### Exercise instructions
From the line containing "Tradineur - Set" down to the line containing "4 Pinstolar chairs", copy out the entries below exactly, both lines included, and nothing else; pictures do not belong in the copy.

### Record set
--- START ---
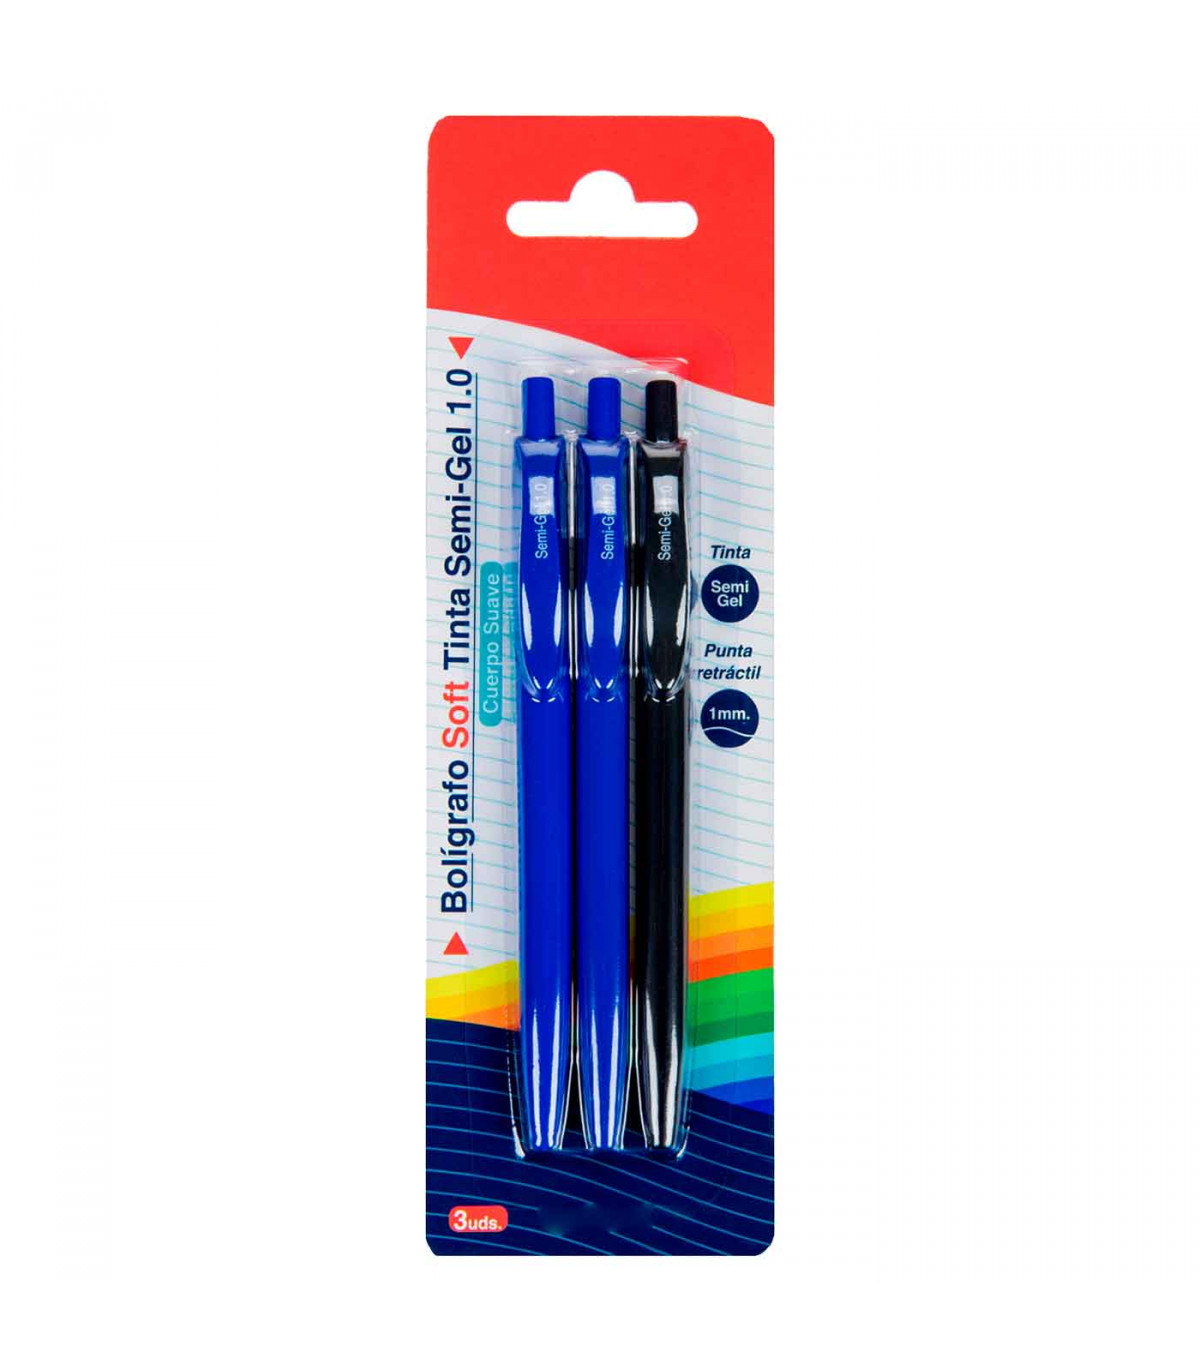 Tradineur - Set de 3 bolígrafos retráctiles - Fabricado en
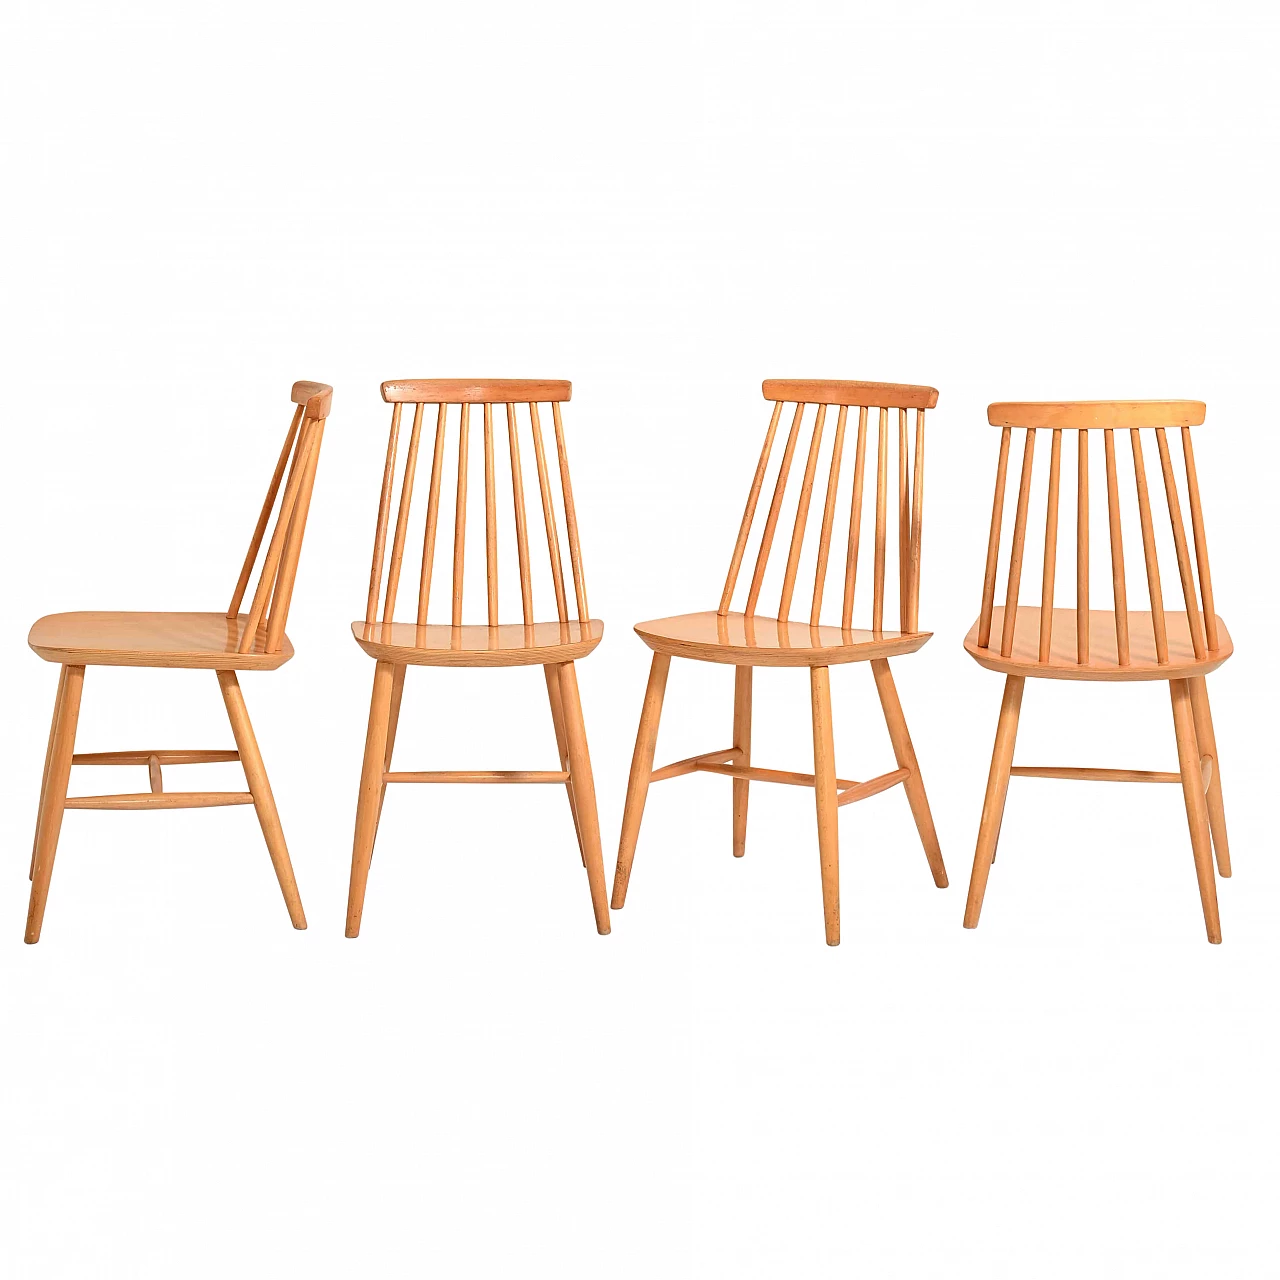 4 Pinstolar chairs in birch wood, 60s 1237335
--- END ---
--- START ---
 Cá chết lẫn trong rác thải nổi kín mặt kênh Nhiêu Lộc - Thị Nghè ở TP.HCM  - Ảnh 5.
--- END ---
### Output for this task
 Tradineur - Set de 3 bolígrafos retráctiles - Fabricado en
 4 Pinstolar chairs in birch wood, 60s 1237335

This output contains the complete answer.